Until the late 1970s, the Welschlandjahr was part of the requirements specification for training young women and men in German-speaking Switzerland. While girls were mostly housed as domestic help or nanny in a family, boys worked as servants, unskilled workers or, less often, in a training company. The Welschland year generally served as an interim solution between compulsory schooling and apprenticeship in order to learn another national language. For young women it was a good opportunity to combine a language stay with the housekeeping year, which was then mandatory for many “female professions” . Conversely, girls and boys from western Switzerland also went to German-speaking Switzerland.

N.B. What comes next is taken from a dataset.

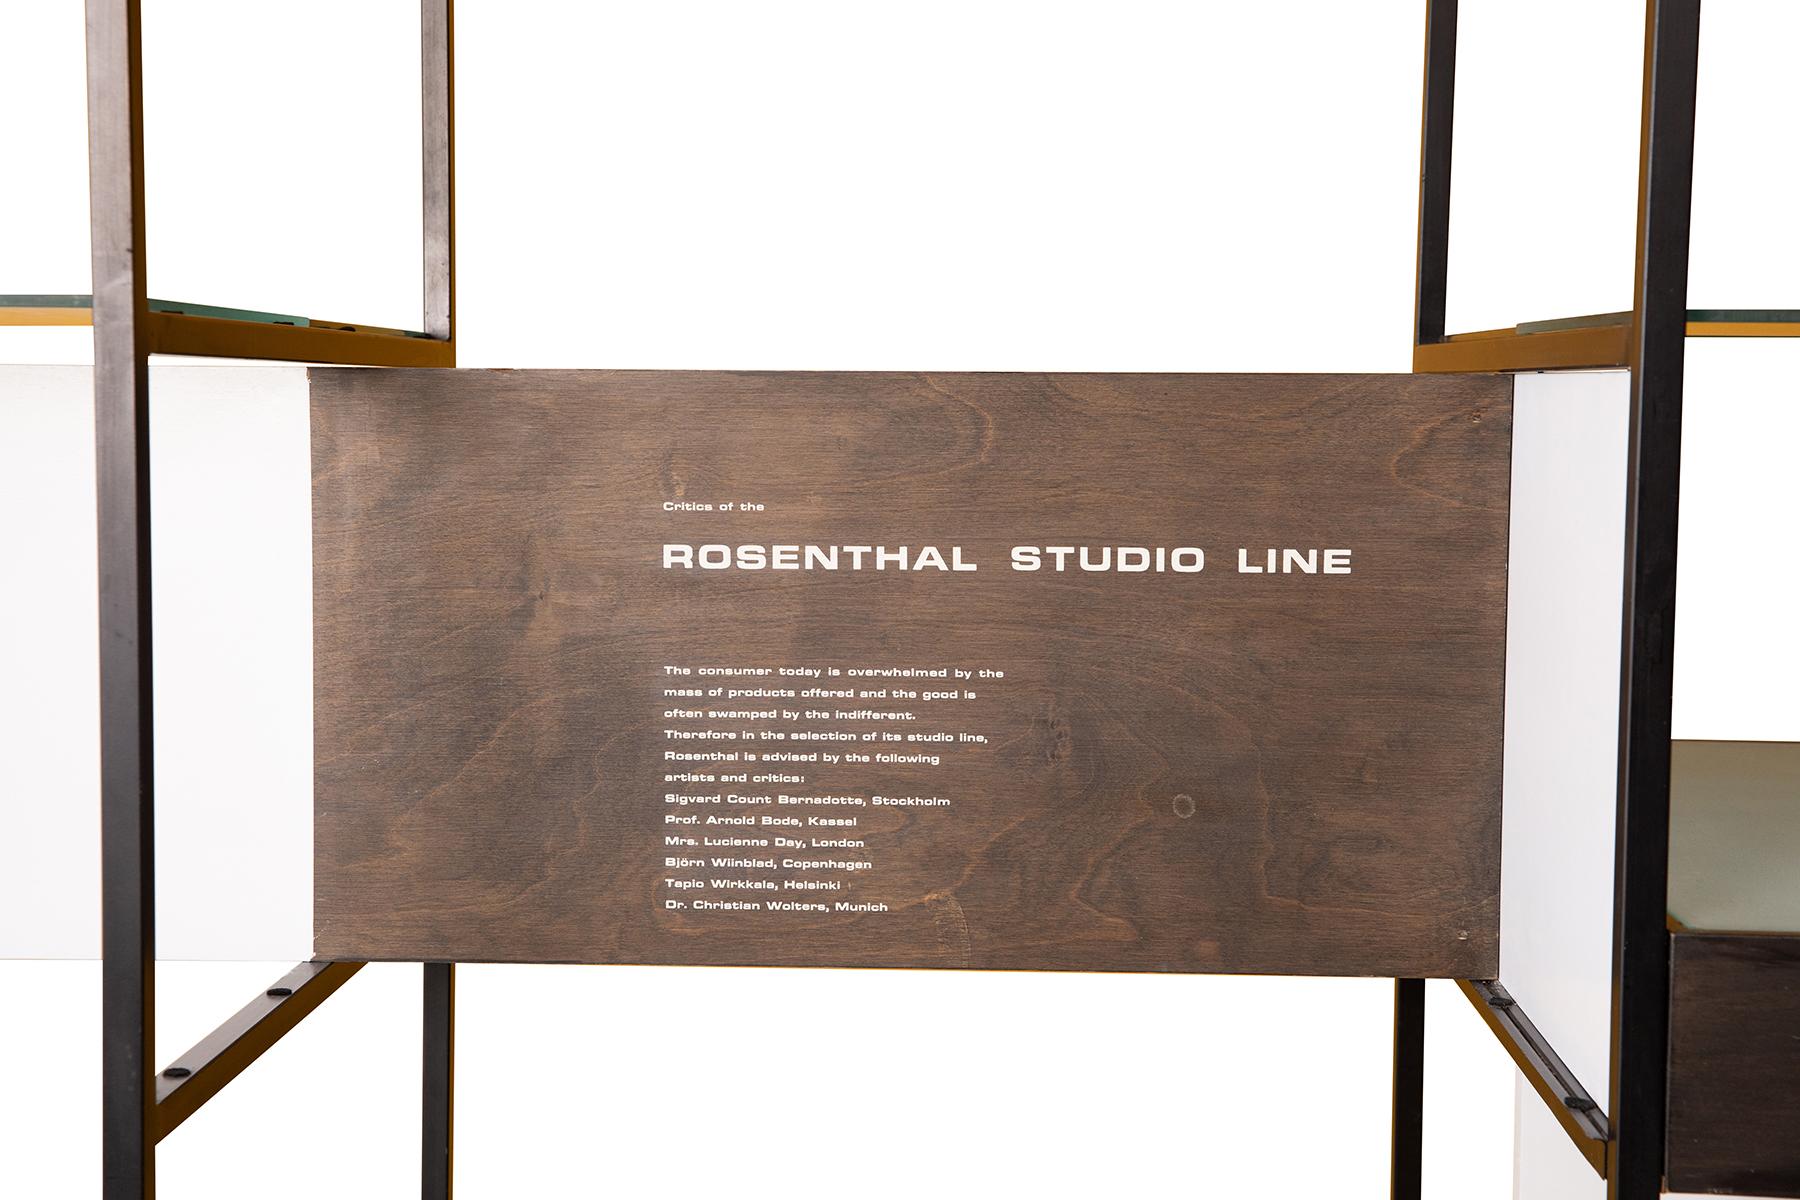 Rosenthal studio-line free standing wall unit, circa mid-1960s. This example was an original display model for Rosenthal and was designed to highlight the works of Wirkaala, Bjorn Wiinblad and Raymond Loewy among others. The frame is patinated iron,

In the 1980s and 1990s, young Swiss people's interest in language stays in other parts of Switzerland declined in favor of au pair stays or student exchanges in English-speaking countries, before increasing again towards the end of the 1990s.

Today the Welschland year consists less of a French-speaking home economics than an organized au pair stay with a visit to a language school and sometimes even organized leisure activities. For young people from financially strong families, language stays lasting several months or a foreign-language tenth school year in special boarding schools are also offered.

literature

  • Beatrice Hess, Eva Nadai, Brigitte Stucki: temporary daughter. The Swiss year. Chronos Verlag Zurich, 1990
  • Beatrice Hess, Eva Nadai: Building block of a women's career: The Welschland year as preparation for family and work. Chronos Verlag 1992.